I love these pics!! they are so so cute!! I especially love Pip's cute little teeth!!! Thank you for sharing!!


----------



## RatGirl_Red (Nov 26, 2012)

someday when my kids are grown and gone i might!!! I keep busy with my little zoo though and socializing enough with sugar gliders would be hard when trying to socialize all the other animals


----------



## TheGirls2012 (Jan 8, 2013)

LightningWolf said:


> Aw. I love Chloe.
> 
> Random question, so with Sugar glider breeding, are they like Pigeons that only stay with one mate their whole life or do they change mates? I'm just curious, I don't know much about Sugar gliders as you can tell, I just know they hate to live alone.


Sorry I didn't get back to you. I really never check here anymore. But to answer your question, it's really up to the breeder. I, personally, wouldn't separate a bonded pair, but I do know breeders that do. Some switch pairs all the time, to breed for different color variations. I think it's sad, though, because they do bond with their mates.


----------



## PandaCobain (Apr 27, 2013)

Ohmygoodness. They're all so pretty! I especially love Chloe. She's beautiful!
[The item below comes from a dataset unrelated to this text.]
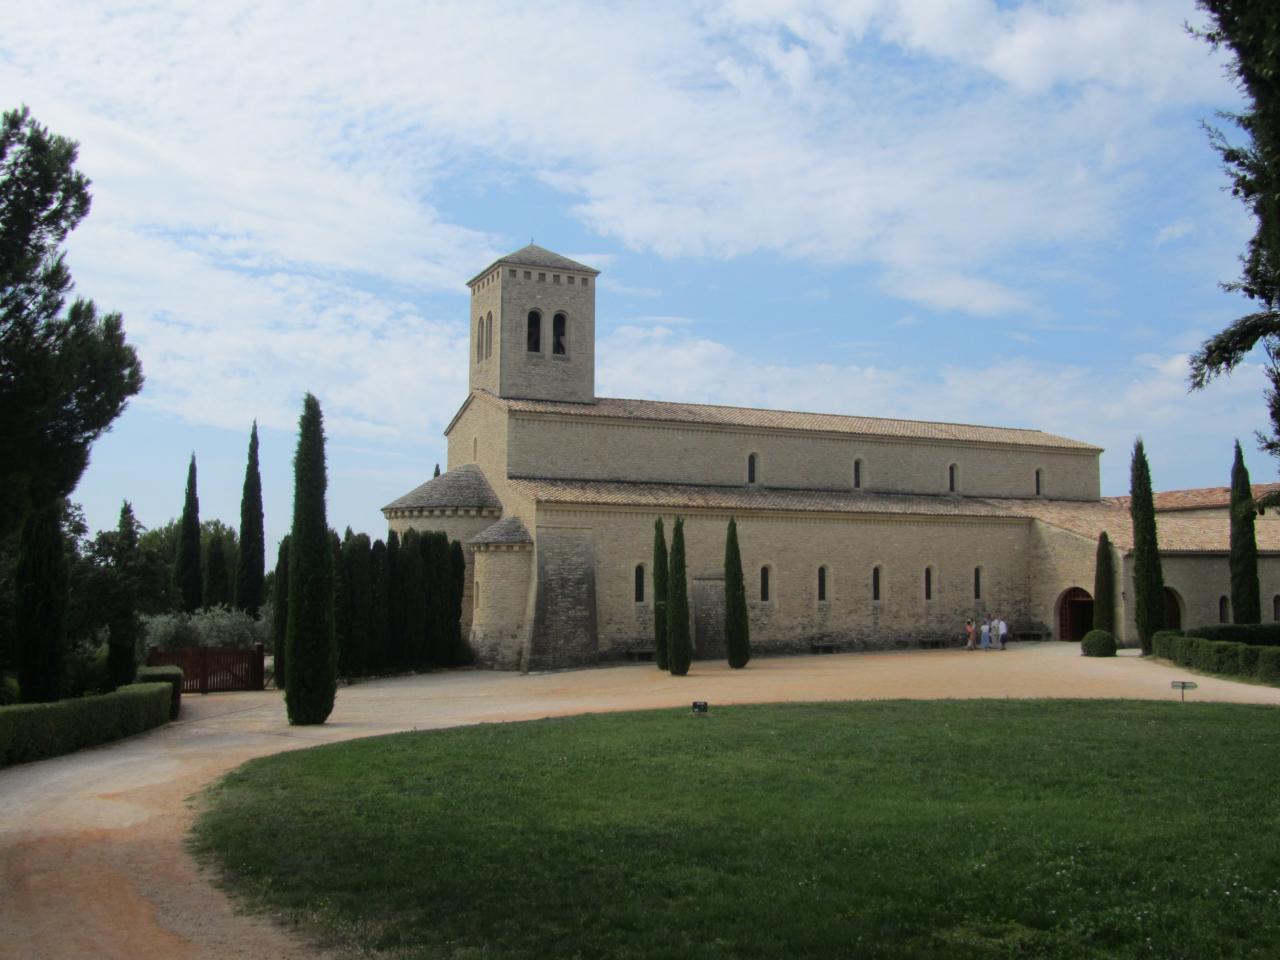 Abbaye Sainte-Madeleine du Barroux

We have one named Bindi and she's a hoot!


----------



## 3 ratties (Apr 6, 2013)

I don't have any knowledge about sugar gliders, but yours are beautiful and sounds like your having fun with the little joeys!


----------



## RosesRufflesandRats (Apr 25, 2013)

I always wanted a sugar glider! Why are they illegal in some places though, I wonder?


----------



## RattieLover1331 (May 21, 2013)

I've always wanted a Sugar Glider!

But I have to have a permit for it to be legal to own one where I live..sigh..


----------